NOFO Title: Development of Medications to Prevent and Treat Opioid Use Disorders and Overdose (UG3/UH3) (Clinical Trial Optional)
NOFO Number: RFA-DA-19-002
Summary:

To address the need for novel therapeutics for opioid use disorder (OUD), this research group identified ghrelin as an endogenous regulator of the mesocorticostriatal circuit, which contributes to the enhanced motivational attributes of addictive drugs and drug-associated cues. Ghrelin binds to the growth hormone secretagogue receptor 1? (GHS1?R) to transduce several physiological and behavioral processes, including the reward-related effects of opioid agonists. Systemic administration of a GHS1?R antagonist/inverse agonist dose-dependently attenuated self-administration of the addictive opioid analgesic oxycodone as well as oxycodone-seeking. This project proposes to employ a suite of validated rodent OUD models to define the preclinical profile for PF5190457, a selective GHS1?R antagonist/inverse agonist. PF5190457’s abuse liability, ability to suppress withdrawal and relapse-like behaviors, drug metabolism and pharmacokinetics, and brain penetrability in rats will be assessed. Phase 1 clinical studies in non–treatment seeking OUD participants will follow to assess the safety and tolerability of PF5190457.

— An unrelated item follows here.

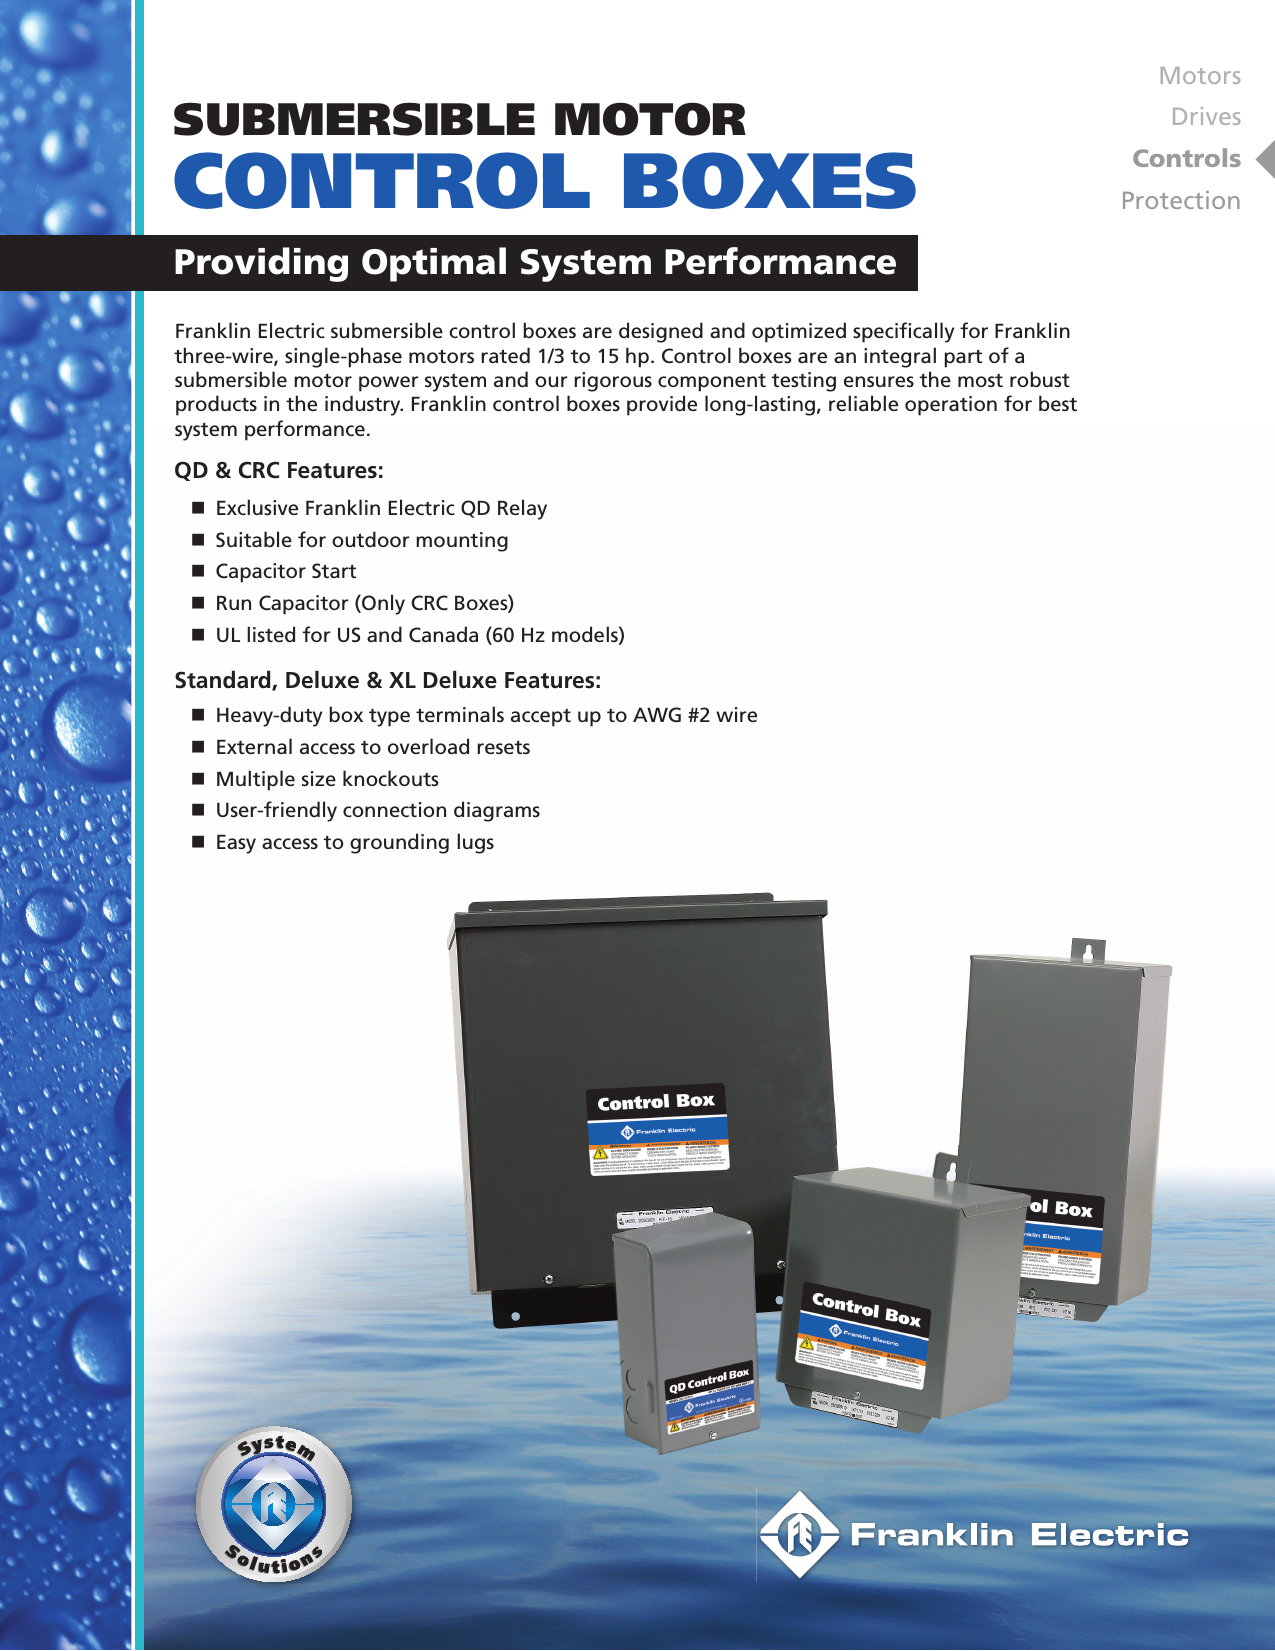 18131 1 Franklin Electric Control Box Brochure M1330 Boxes 03 09 Qd Wiring User Manual

NOFO Title: Administrative Supplements to Existing NIH Grants and Cooperative Agreements (Parent Admin Supp Clinical Trial Optional)
NOFO Number: PA-18-591
Summary:

Neurostimulation techniques, such as transcranial direct current stimulation (tDCS), have been used as interventions for substance use disorders. This is a supplement to the currently NIDA-funded UG3 DA047793, “tDCS to Decrease Opioid Relapse,” which will measure behavioral and brain responses following tDCS stimulation delivered during tasks that use a particular brain network involved in cognitive control, and utilizing FMRI to assess the effects. This supplement allows the researchers to add an EEG measurement to the study, to get a complete picture of how tDCS might affect the function of key brain networks in ways that could be helpful for SUDs.